SC3-seq: a method for highly parallel and quantitative measurement of single-cell gene expression
Tomonori Nakamura1, Yukihiro Yabuta1, Ikuhiro Okamoto1
1Department of Anatomy and Cell Biology, Graduate School of Medicine, Kyoto University, Yoshida-Konoe-cho, Sakyo-ku, Kyoto 606-8501, Japan JST, ERATO, Yoshida-Konoe-cho, Sakyo-ku, Kyoto 606-8501, Japan.
Nucleic Acids Research
|February 28, 2015
Summary
We developed single-cell mRNA 3-prime end sequencing (SC3-seq), a cost-effective method for precise gene expression analysis in single cells. This technique accurately quantifies transcripts and reveals cellular heterogeneity in stem cells and early embryos.
Area of Science:
- Biomedical Sciences
- Genomics
- Molecular Biology
Background:
- Single-cell mRNA sequencing (RNA-seq) is crucial for understanding cellular heterogeneity.
- Existing methods face challenges in quantitative accuracy and cost-effectiveness.
Purpose of the Study:
- To introduce single-cell mRNA 3-prime end sequencing (SC3-seq), a novel, quantitative, and cost-effective methodology.
- To demonstrate the utility of SC3-seq for analyzing gene expression at single-cell resolution.
Main Methods:
- SC3-seq utilizes PCR amplification and 3-prime-end enrichment for gene expression measurement.
- Quantitative accuracy is achieved by regressing read counts of spike-in RNAs with defined copy numbers.
- The method allows for high sequence depth for comprehensive transcript detection.
Main Results:
- SC3-seq provides highly quantitative mRNA measurements from single cells to 10,000-cell levels.

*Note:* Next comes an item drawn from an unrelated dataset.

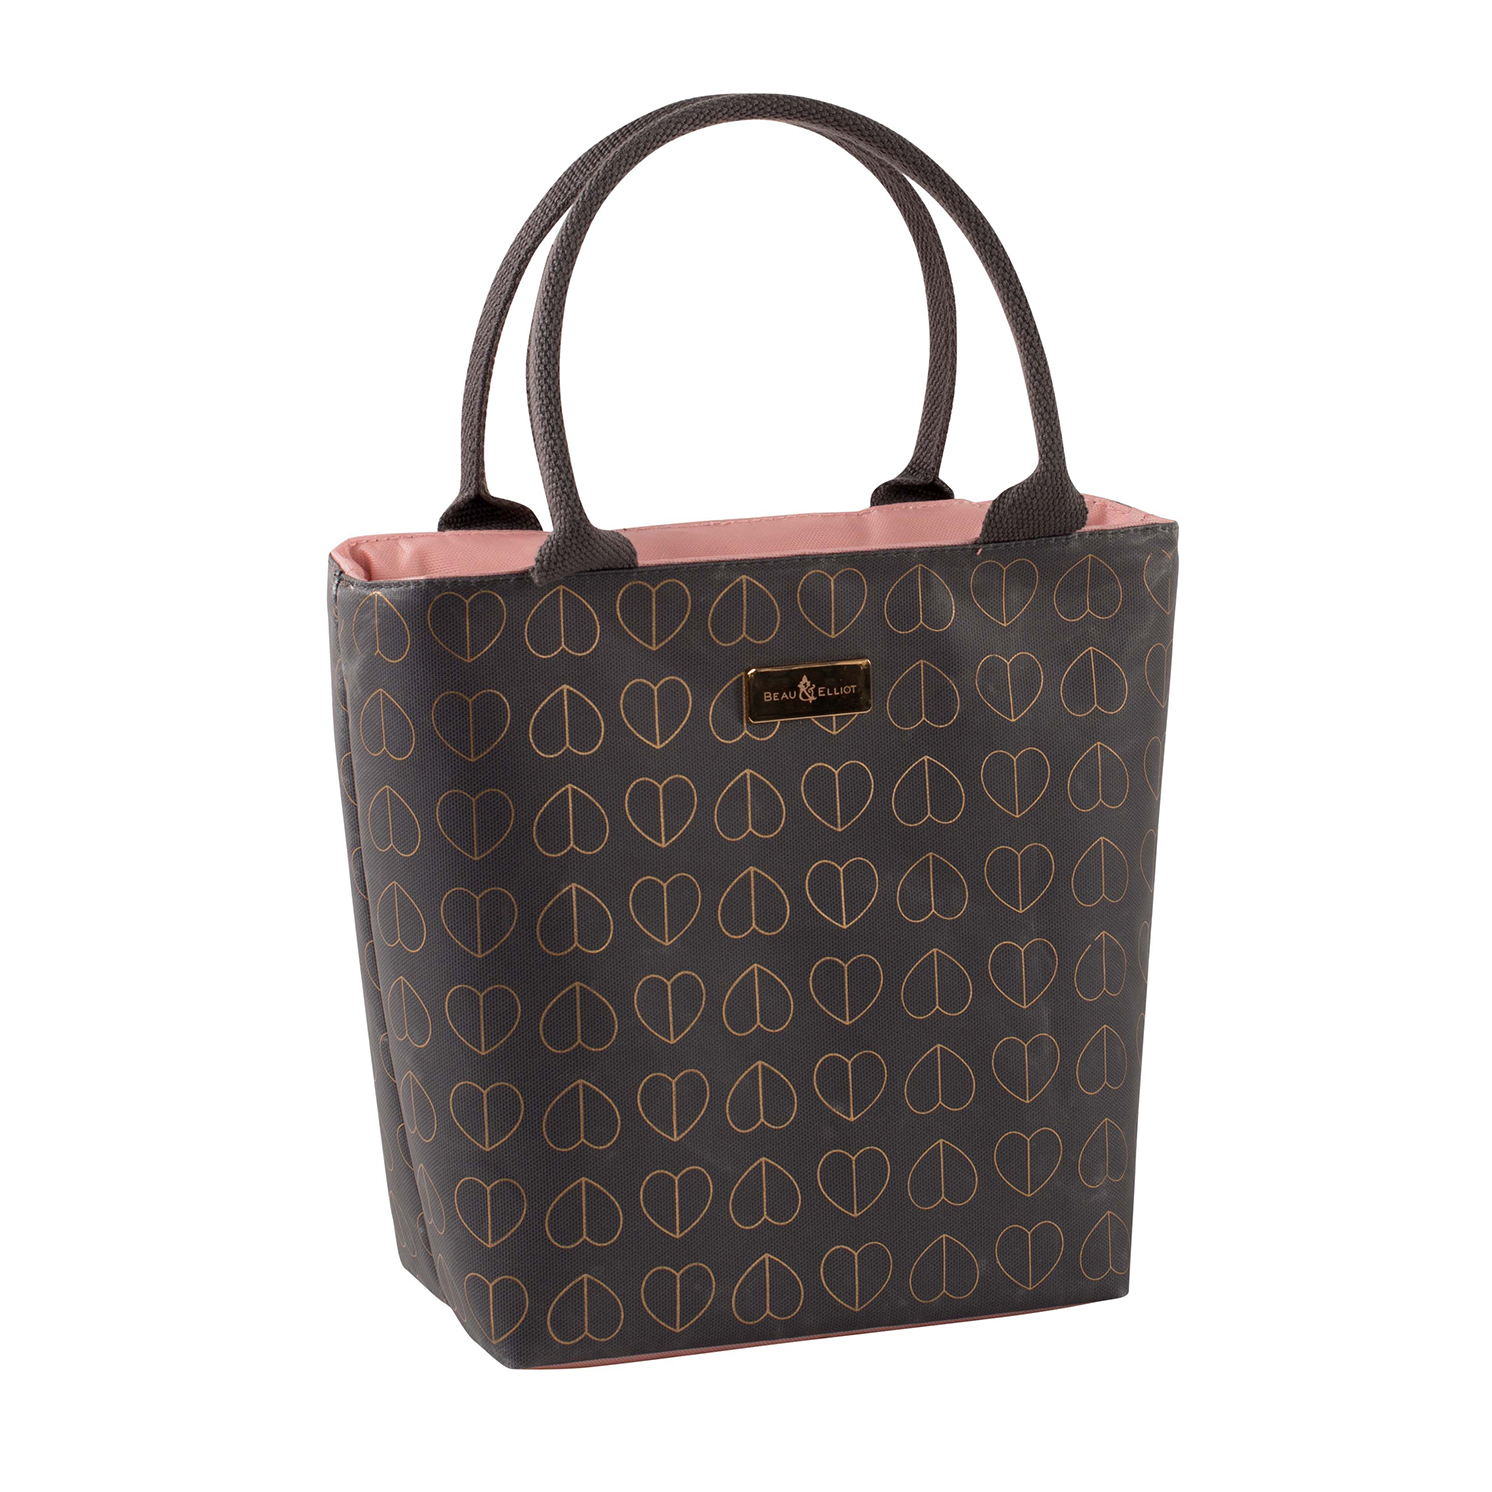 Beau & Elliot – Dove Grey Insulated Lunch Tote Bag & Pink Blush Travel Mug

- The method accurately estimates transcript levels, outperforming other single-cell RNA-seq techniques.
- SC3-seq successfully identified four distinct cell types in mouse blastocysts and revealed heterogeneity in human-induced pluripotent stem cells (hiPSCs).
Conclusions:
- SC3-seq offers significant advantages for quantitative transcript analysis in single cells.
- The method demonstrates high sensitivity and accuracy for transcriptome profiling.
- SC3-seq is proposed as a powerful tool for broad applications in biomedical research, including stem cell biology and developmental studies.